Poochit Nonejuie, Ph.D.
In the past decades, increasing number of multidrug resistant (MDR) bacteria infection in hospitals has been documented worldwide. The wide spread of multidrug-resistant (MDR) Enterococcus spp., Staphylococcus aureus, Klebsiella spp., Acinetobacter baumannii, Pseudomonas aeruginosa and Enterobacter spp., called “ESKAPE” is among the most concerned. Recent studies showed that some MDR Gram-negative pathogens are now resistant to all antibiotics available in the market. Even though there are some new antibiotics approved by FDA recently, they only work against Gram-positive bacteria. The combination of the drug resistance and the lack of new antibiotics make millions of lives be at risk from MDR Gram-negative pathogen infection. Thus, novel antibiotics are strongly needed in order to put MDR Gram-negative pathogen at bay. However, the search of antibiotics for Gram-negative is far more difficult than that for Gram-positive due to its outermembrane (OM) which provides an extra barrier against antibiotic penetration. Therefore, potentiator mechanism of action on OM is also crucial to antibiotic discovery.

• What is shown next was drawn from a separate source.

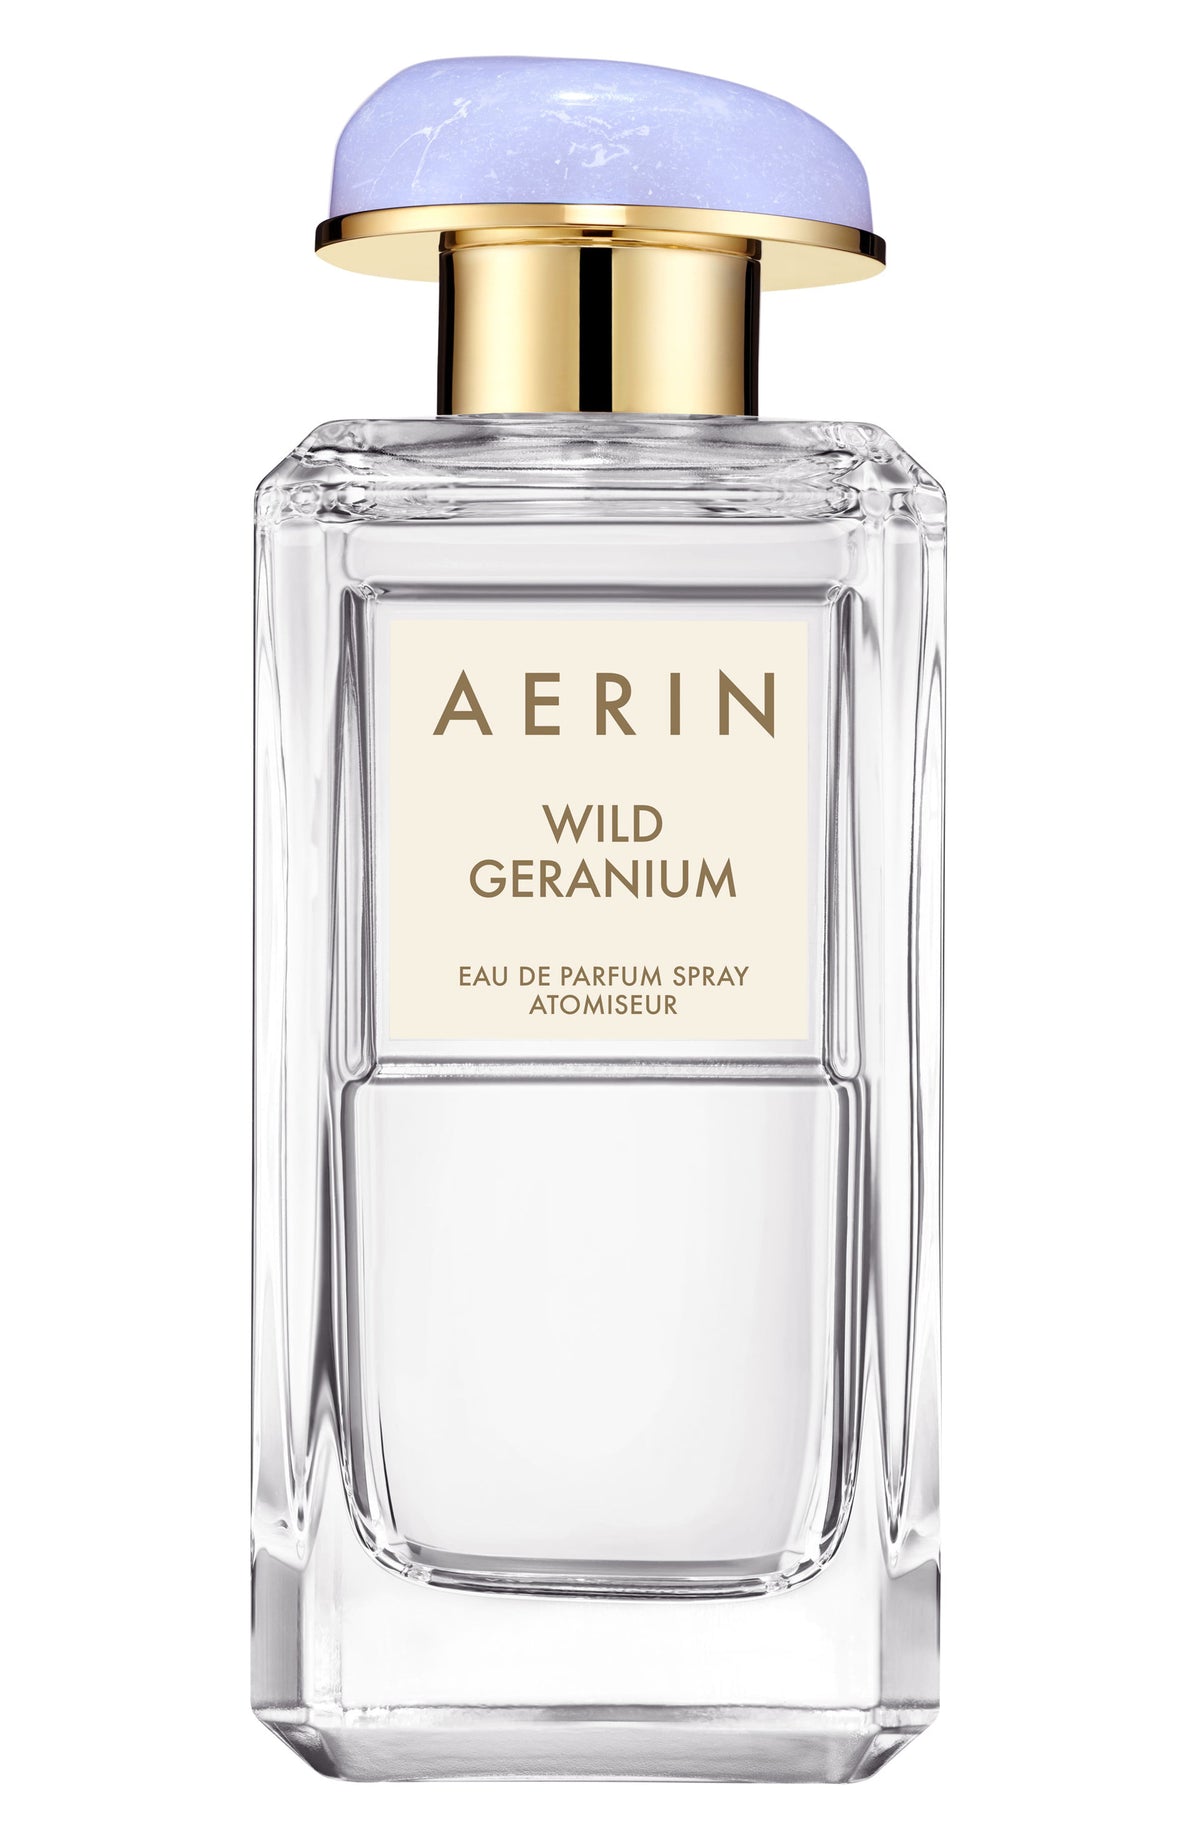 AERIN Wild Geranium Eau de Parfum Spray 3.4 oz

Our lab is focused on two related areas of antibiotic research. First, we aim to use a newly developed technique, bacterial cytological profiling (BCP), as the method for developing the discovery platform specific to certain Gram-negative pathogen such as A. baumannii. By having species-specific discovery platforms, we hope to increase the chance of finding new antibiotics against specific pathogens and reduce the drug effect to other commensal bacteria. Second, we aim to study the mechanism underlying OM disruption by some antibacterial molecules and potentiators. We believe that understanding OM disruption mechanism by potentiators will help researchers select and explore more compounds that are commonly neglected by other conventional screening methods due to the compounds’ negative killing result against Gram-negative bacteria.